Lancashire Telegraph: Other traders and supporters of Nate Nicholson, centre, back, outside the Deli Other traders and supporters of Nate Nicholson, centre, back, outside the Deli

A RAWTENSTALL trader, who has poured his life savings into his business, has closed it down as he can't afford to keep it running.

Nate Nicholson, owner of The Deli in Bank Street, said while attempting to rescue the business, he worked seven days a week and didn't take a holiday in three years.

But he said 'extortionate business rates' of around £1,125 per month and £6,000 to £7,000 in rent payments per month had taken their toll.

Mr Nicholson, who has run the business for seven years, said: “The business rates were extortionate.

“They differ from street to street in Rawtenstall, so rival businesses are paying completely different rates and it’s killing companies off.

“When I spoke to the council about it, they’ve told everyone on Bank Street to appeal to the Valuations Office Agency, but I did that two weeks ago and have heard nothing back.”

Mr Nicholson organised the first LGBT night in Rawtenstall, the first in Rossendale, in February.

He said: “I’ve made some really good friends and will really miss the customers.

“I haven’t made a wage in seven years and my health has suffered. I can’t keep doing this just to pay other people’s wages.

“When we took it on, Bank Street was a thriving business centre, but in recent years the number of shops has seriously depleted.

“Unless you want to buy spectacles, get your hair done or go to the estate agents, or go to a charity shop then you don’t go there.
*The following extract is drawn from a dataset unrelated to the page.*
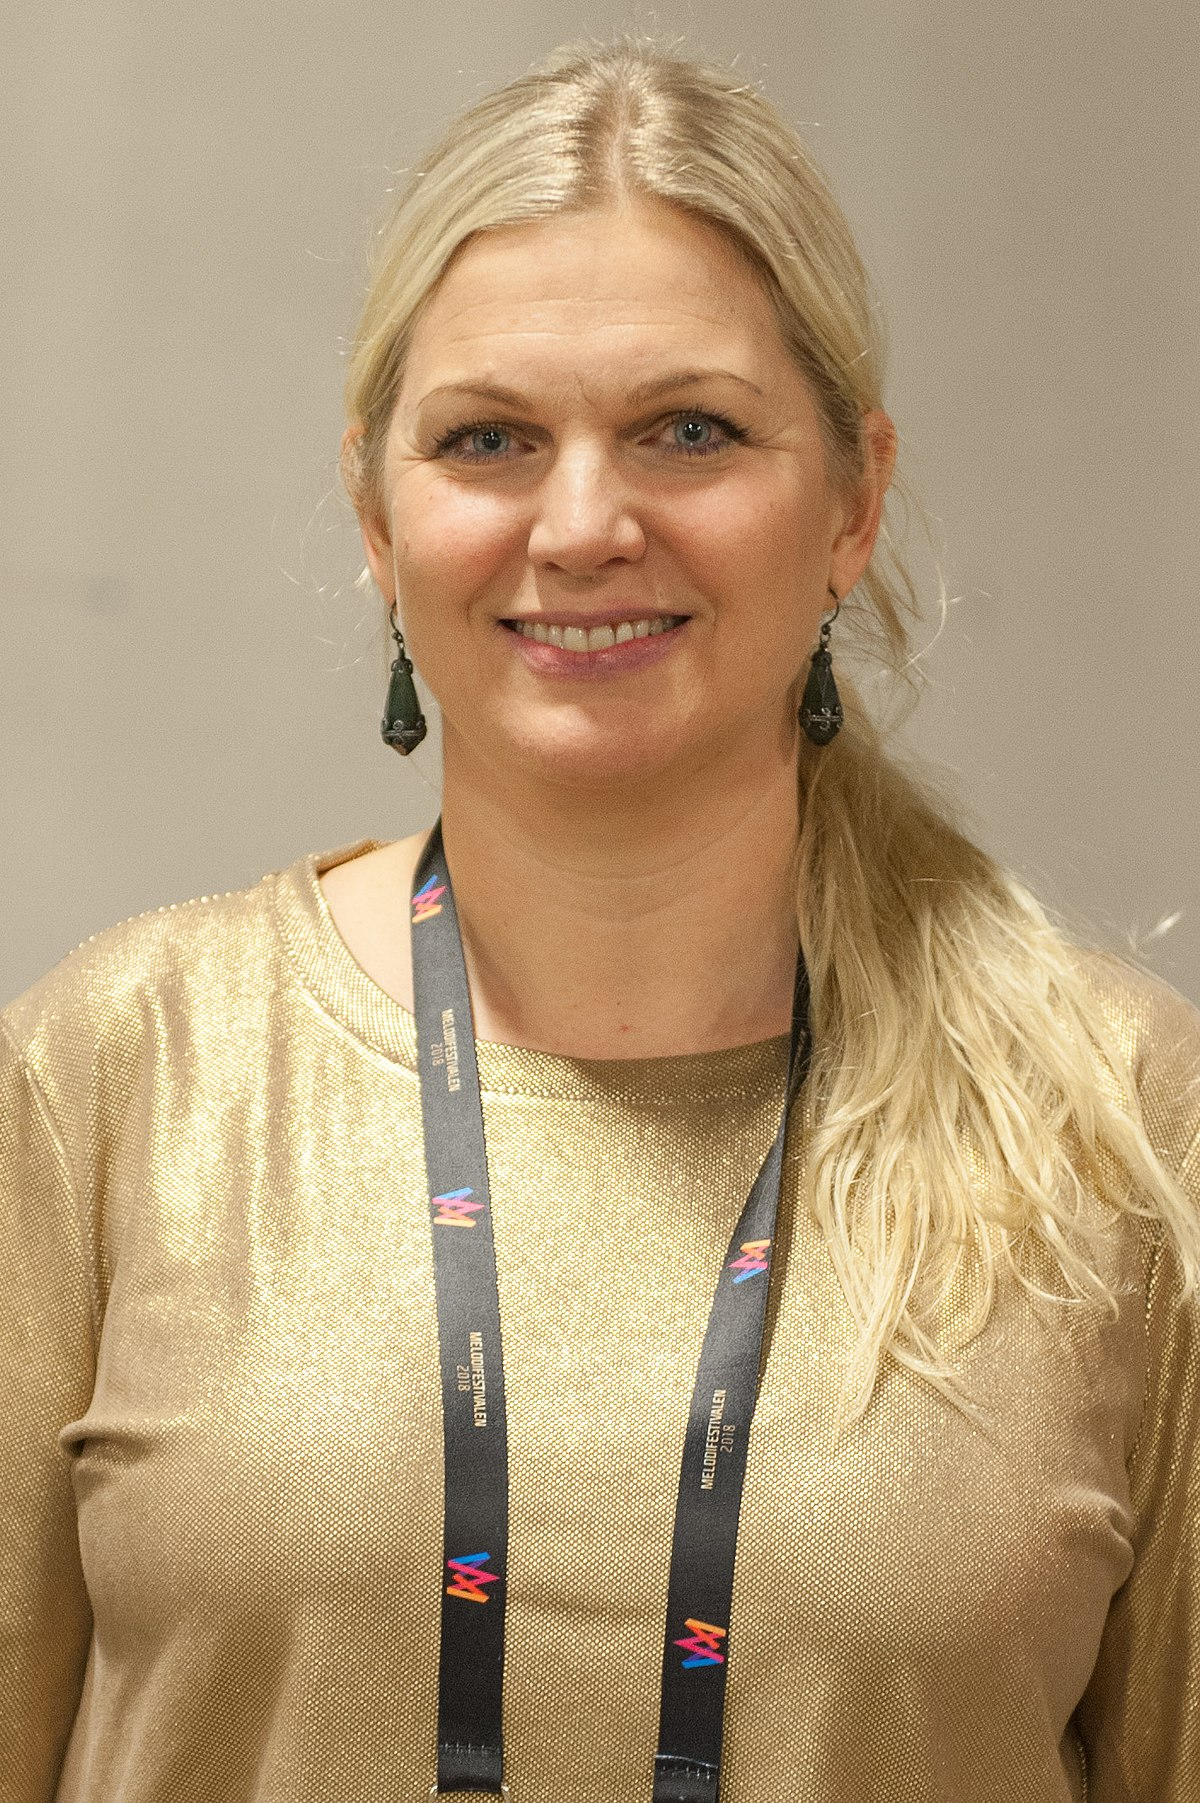 Josefin Glenmark Wikipedia

“I feel bad for the businesses left there because people have told me they won’t go back now we’ve closed.” David Gould, the chairman of Rawtenstall Chamber of Trade, said: “I’ve bought lunch from there for many years. It’s a great business and it’s very sad to see it close.”

Mike Jones, director of Weale and Hitchen Estate Agents in Bank Street, said: “It’s really sad that they’ve closed. They’ve worked their socks off to stay open.”

Phil Seddon, Head of Finance and Property Services at Rossendale Council, said: “Business rates payable by a commercial organisation are set by the Valuations Office Agency. The council would advise any business, in the first instance, to lodge an appeal directly with the VOA if it feels their rateable value has been set too high.”

Comments (13)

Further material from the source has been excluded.